If you set this field when calling IndexService.UpdateIndex, then no other Index field can be also updated as part of the same call. Learn how to structure individual data files.

isCompleteOverwrite

boolean

If this field is set together with contentsDeltaUri when calling IndexService.UpdateIndex, then existing content of the Index will be replaced by the data from the contentsDeltaUri.

config

NearestNeighborSearchConfig

The configuration of the Matching Engine Index.

NearestNeighborSearchConfig

Fields
dimensions

int32

Required. The number of dimensions of the input vectors.

approximateNeighborsCount

int32

Required if tree-AH algorithm is used.

The default number of neighbors to find through approximate search before exact reordering is performed. Exact reordering is a procedure where results returned by an approximate search algorithm are reordered via a more expensive distance computation.

distanceMeasureType

DistanceMeasureType

The distance measure used in nearest neighbor search.

featureNormType

FeatureNormType

Type of normalization to be carried out on each vector.

algorithmConfig oneOf:

The configuration for the algorithms that Matching Engine uses for efficient search.
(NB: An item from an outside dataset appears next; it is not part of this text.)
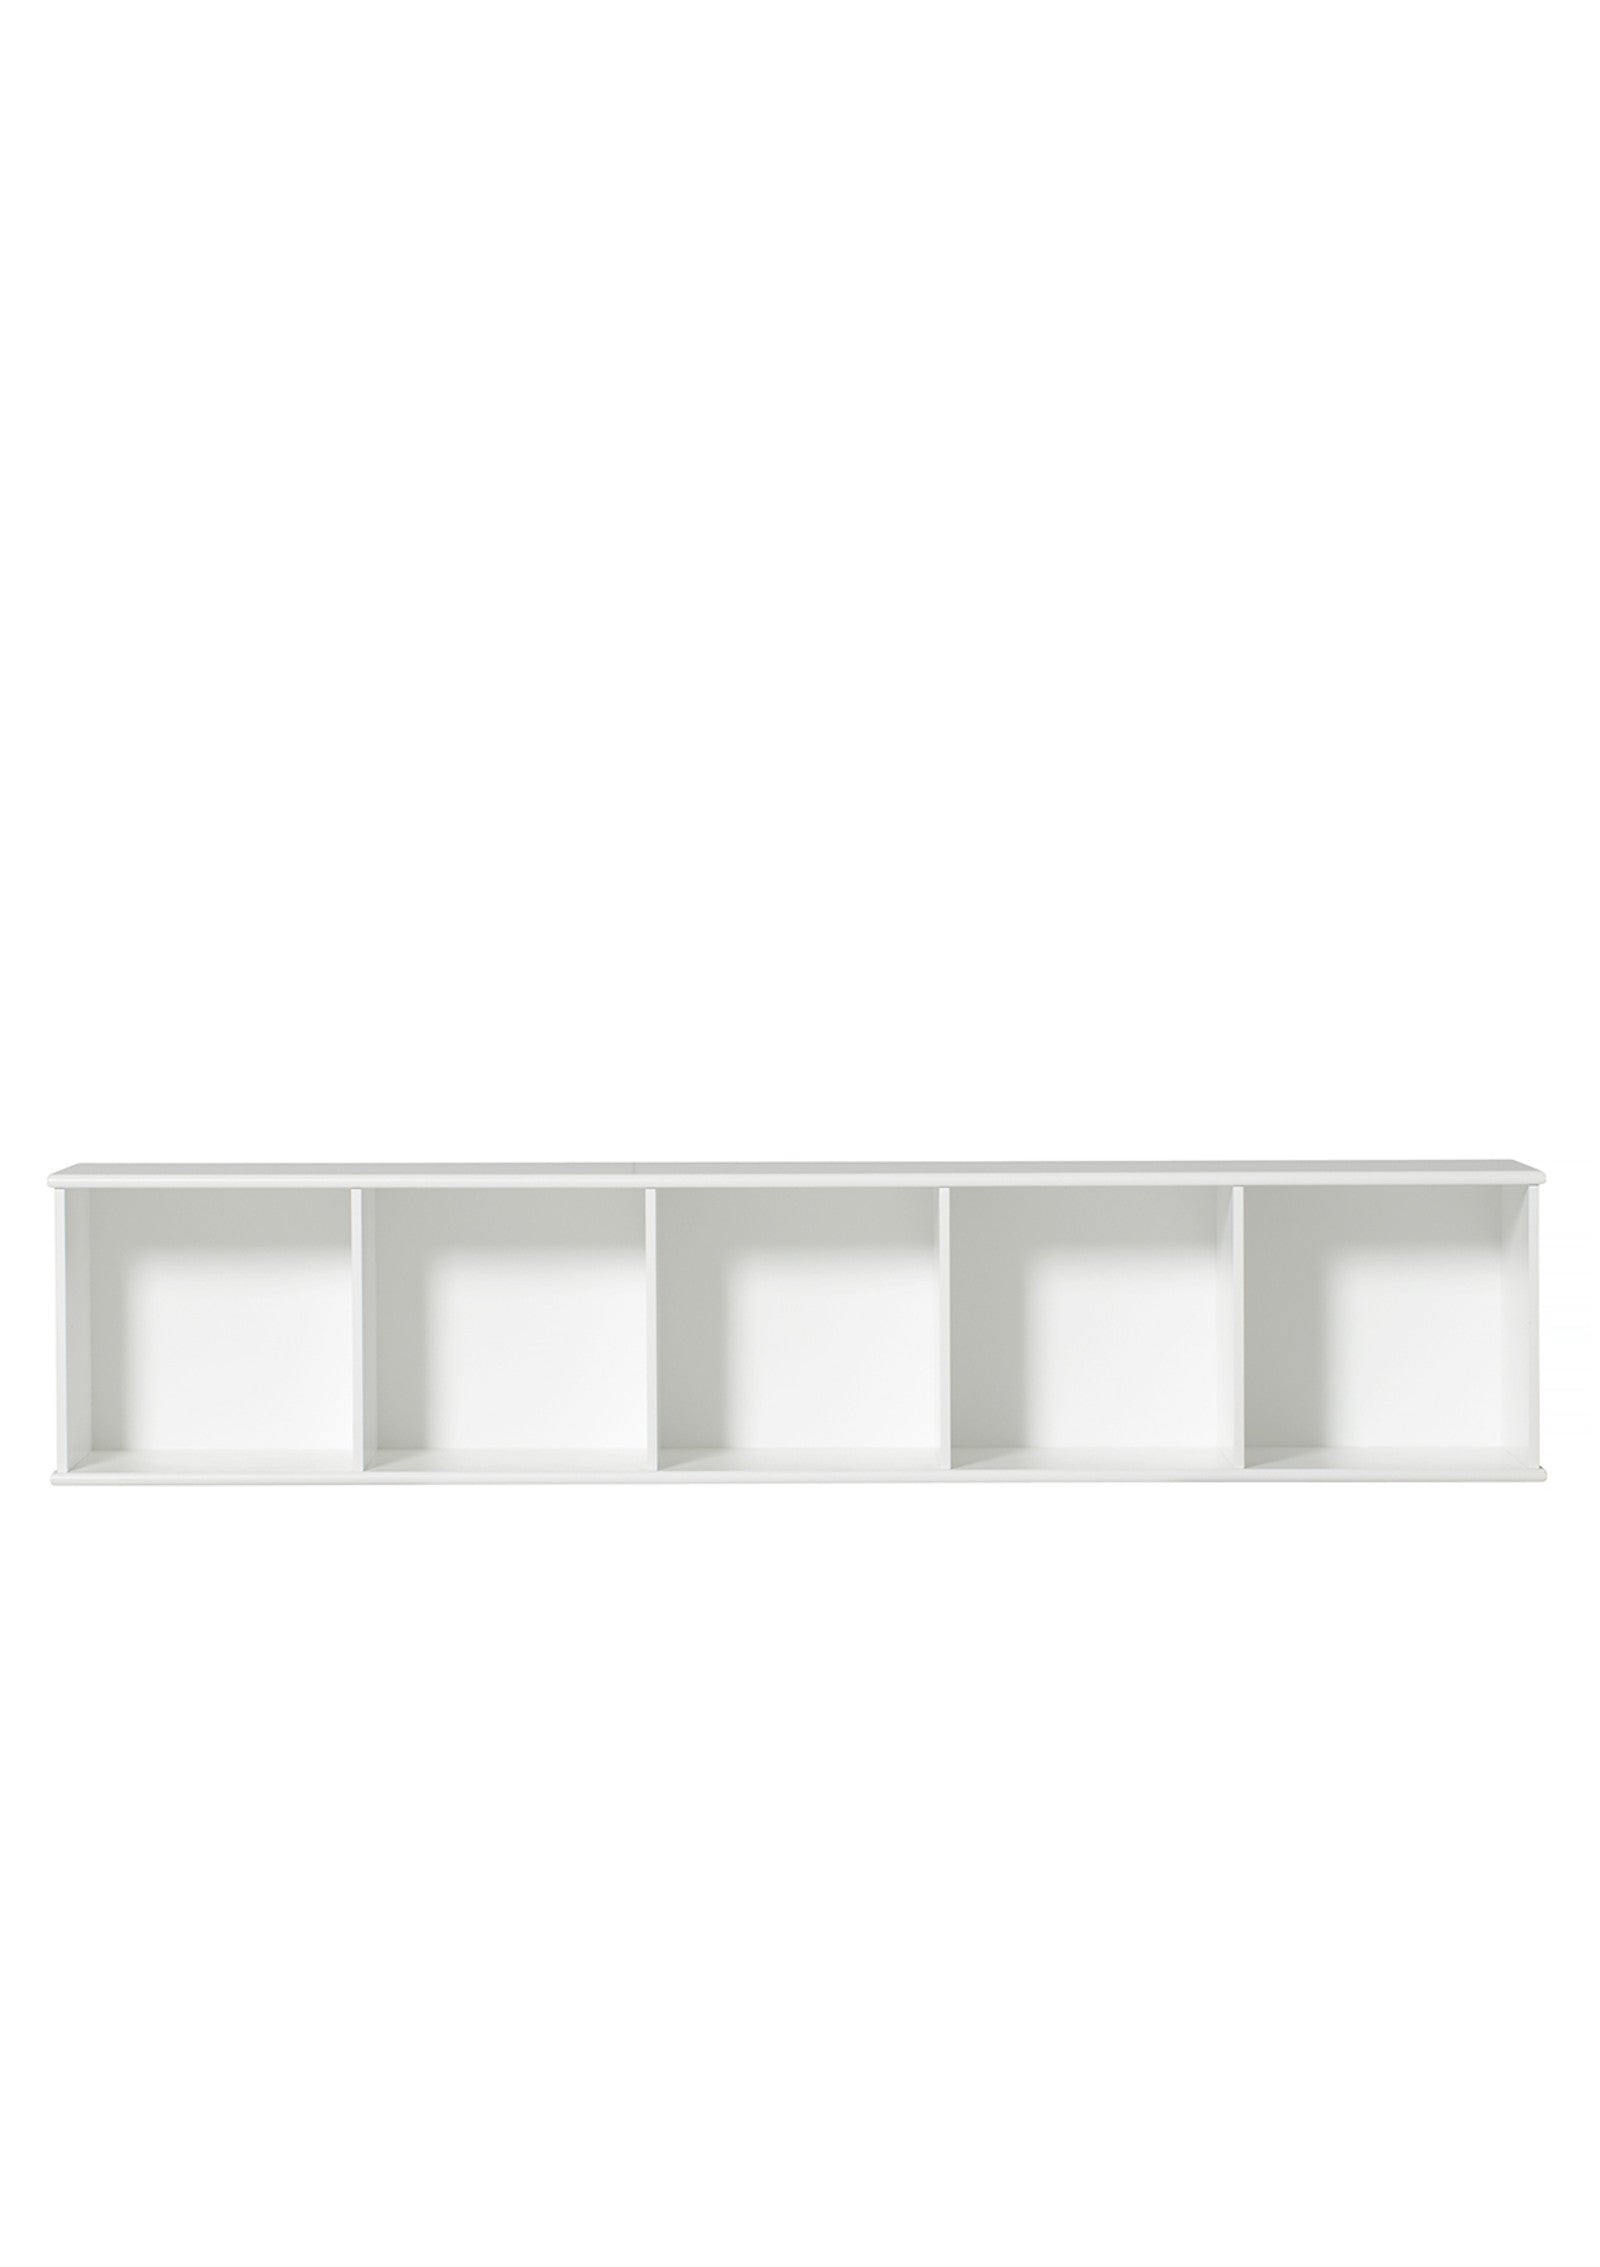 'Wood' Standregal horizontal 5 x 1 / weiß zum Aufhängen

  • TreeAhConfig: Configuration options for using the tree-AH algorithm (Shallow tree + Asymmetric Hashing). Refer to this paper for more details: https://arxiv.org/abs/1908.10396
  • BruteForceConfig: This option implements the standard linear search in the database for each query. There are no fields to configure for a brute force search. To select this algorithm, pass an empty object for BruteForceConfig.

DistanceMeasureType

Enums
SQUARED_L2_DISTANCE Euclidean (L2) Distance
L1_DISTANCE Manhattan (L1) Distance
COSINE_DISTANCE Cosine Distance. Defined as 1 - cosine similarity.
DOT_PRODUCT_DISTANCE Default value. Defined as a negative of the dot product.

FeatureNormType

Enums
UNIT_L2_NORM Unit L2 normalization type.
NONE Default value. No normalization type is specified.

TreeAhConfig

These are the fields to select for the tree-AH algorithm (Shallow tree + Asymmetric Hashing).

Fields
leafNodeEmbeddingCount int32
Number of embeddings on each leaf node. The default value is 1000 if not set.
leafNodesToSearchPercent int32
The default percentage of leaf nodes that any query may be searched. Must be in range 1-100, inclusive. The default value is 10 (means 10%) if not set.

BruteForceConfig

This option implements the standard linear search in the database for each query. There are no fields to configure for a brute force search. To select this algorithm, pass an empty object for BruteForceConfig to algorithmConfig.